The anti-tumor necrosis factor (TNF) agents infliximab (IFX) and adalimumab (ADA) have been recently introduced to treat severe inflammatory bowel disease (IBD) that is unresponsive to other drugs. Several studies have confirmed the safety and efficacy of these agents for adult IBD patients, whereas there is less data on pediatric IBD. Mucosal healing, associated with fewer complications and surgeries, is considered the goal of treatment by some authors. The objective of this study was to evaluate the safety and efficacy (in terms of endoscopic, clinical, and laboratoristic response) of IFX and ADA in a cohort of pediatric patients with Crohn's disease (CD).

METHODS:

We conducted a retrospective analysis of prospectively collected data; we studied 33 patients (20 male, 13 female) with a diagnosis of CD established before 18 years of age: 29/33 were treated with IFX and 19/33 received ADA (four of them were naive to IFX). We evaluated clinical, endoscopic, and laboratoristic response to IFX and ADA for each patient and recorded the adverse effects of these drugs.

RESULTS:

With regard to IFX treatment, 22.2% of patients achieved mucosal healing and 44.4% showed an endoscopic response.
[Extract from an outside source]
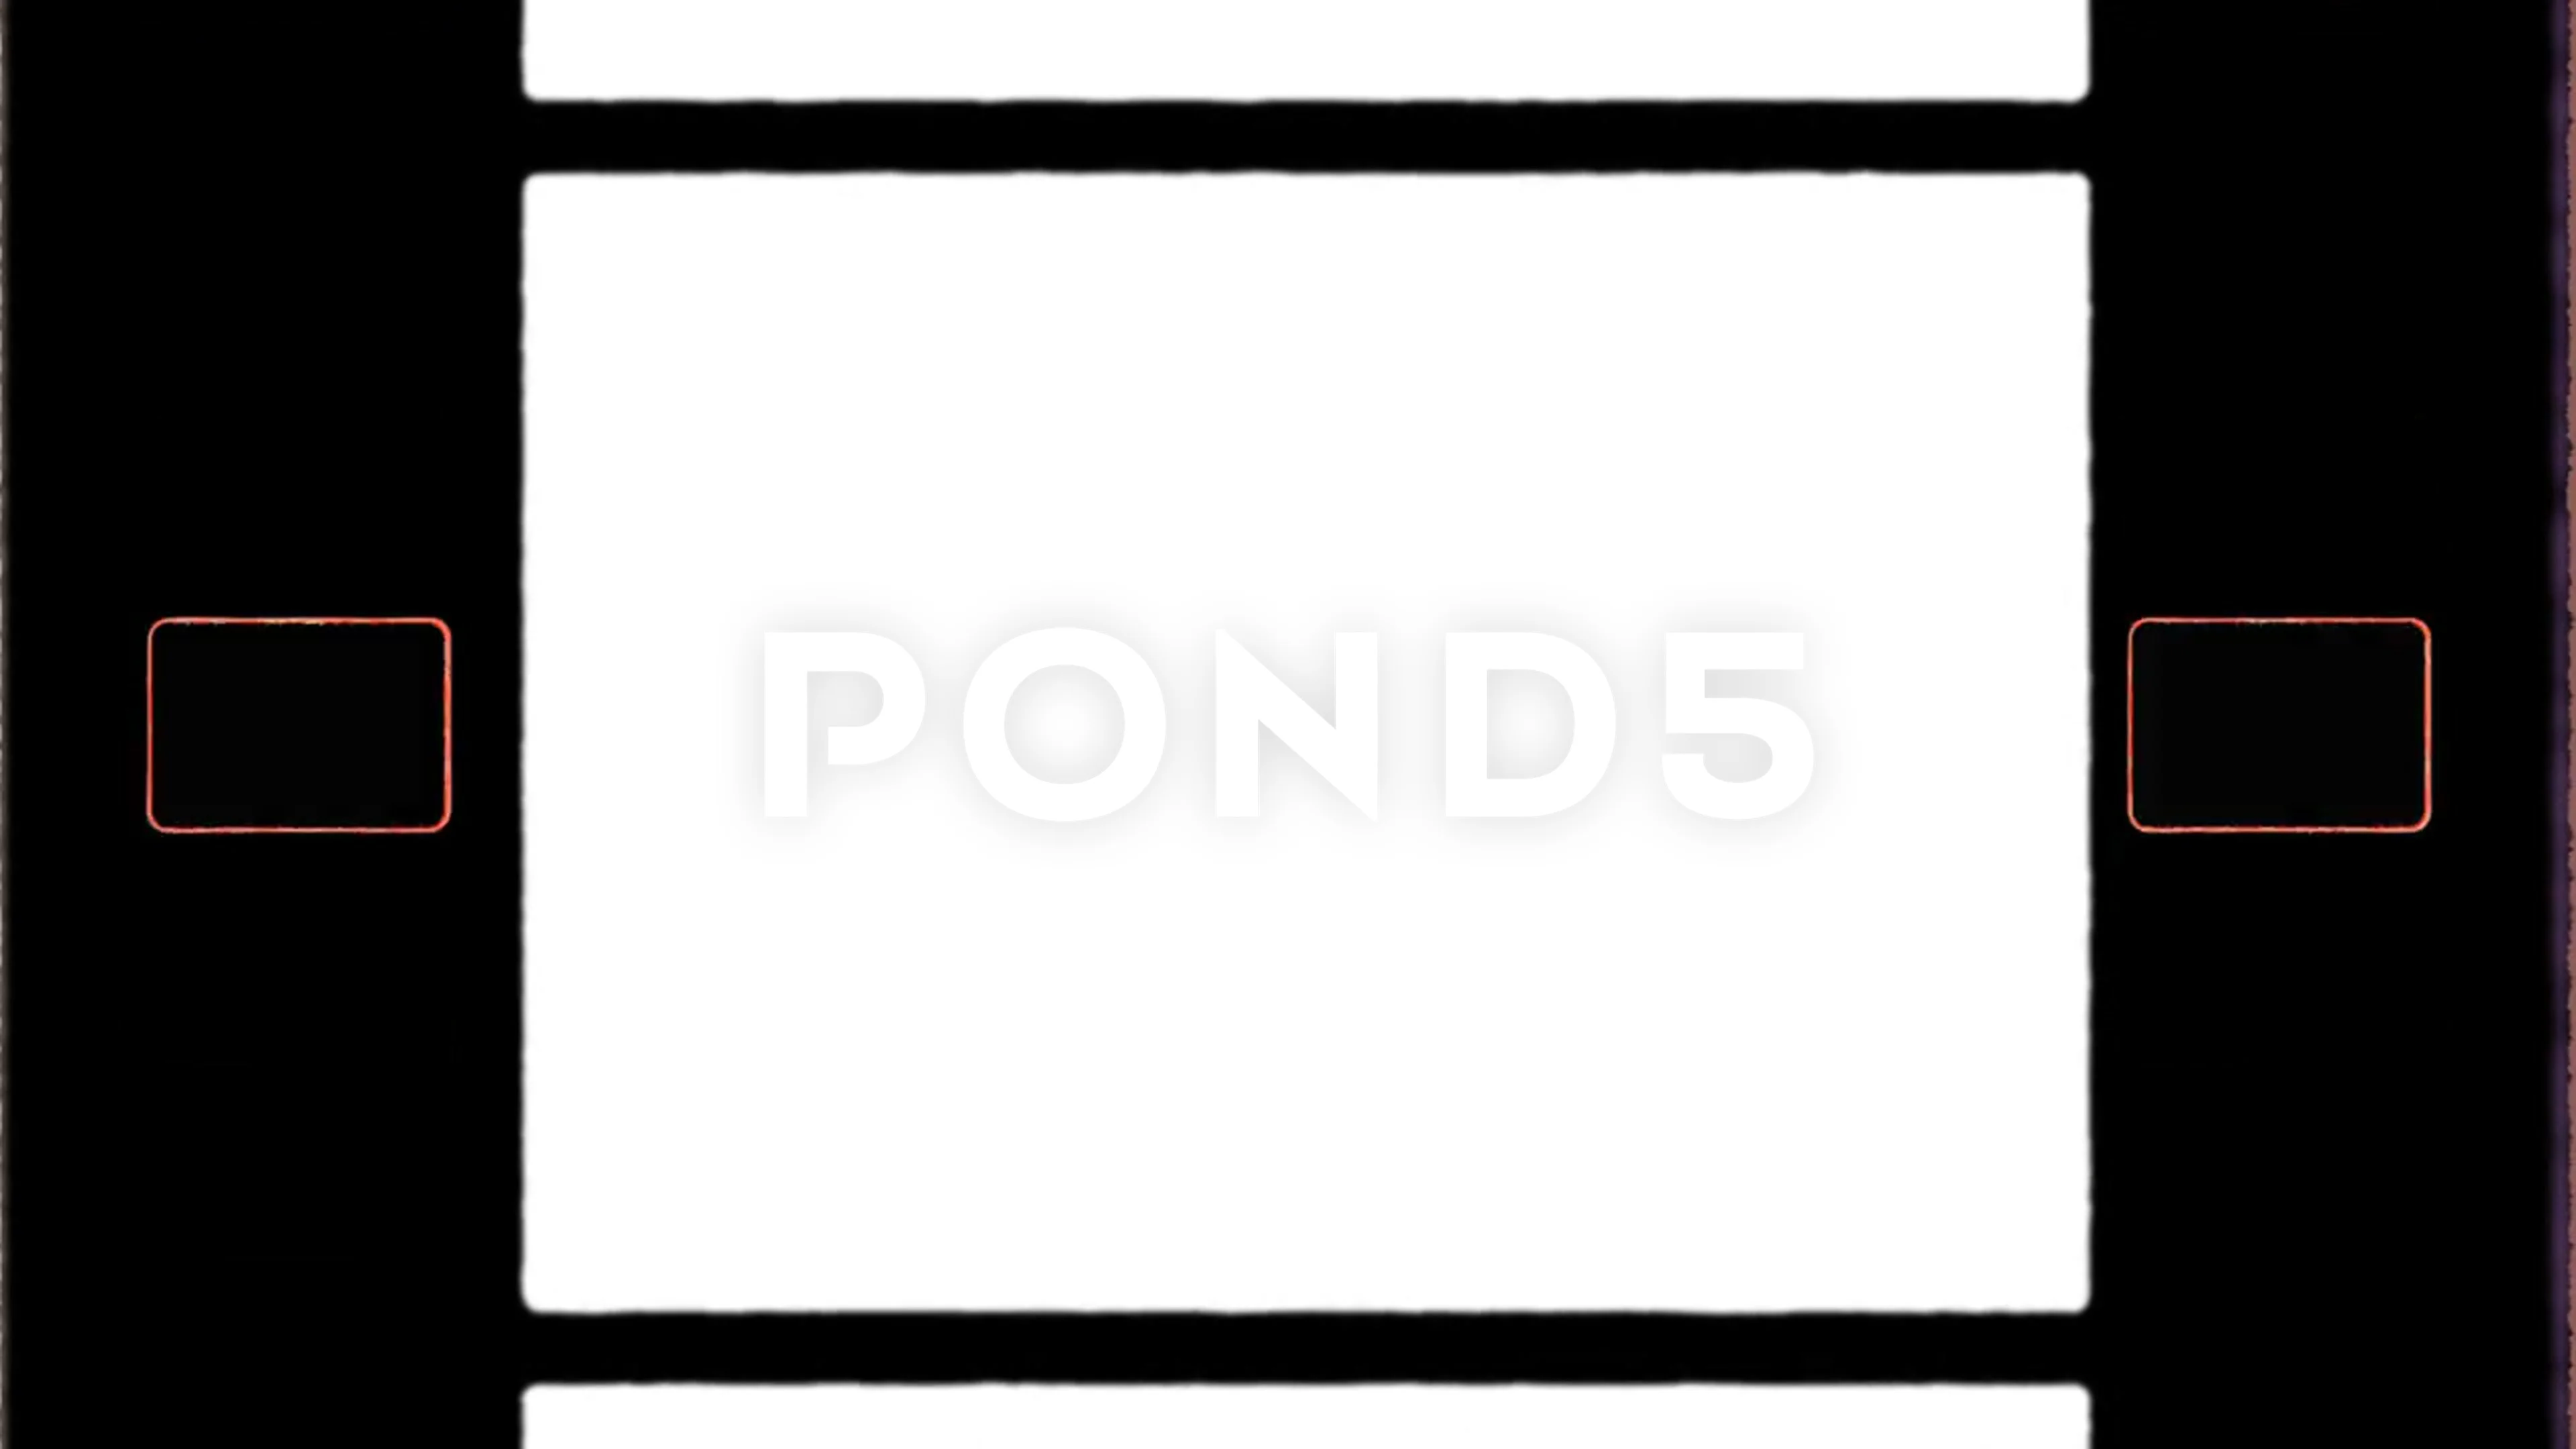 https://images.pond5.com/4k-authentic-16mm-film-frame-169406045_prevstill.jpeg

With regard to ADA therapy, 25% of patients achieved mucosal healing and 50% showed an endoscopic response. Overall clinical response rates for IFX and ADA were 84 and 92.3%, respectively. Both drugs were well tolerated.

CONCLUSION:

To our knowledge, this is the first study reporting mucosal healing after ADA therapy in pediatric CD. We found significant mucosal healing and response rates in our group of patients. Compared with other pediatric studies, we reported similar clinical response rates and longer follow-up of patients.

PMID:
24445727
[PubMed - indexed for MEDLINE]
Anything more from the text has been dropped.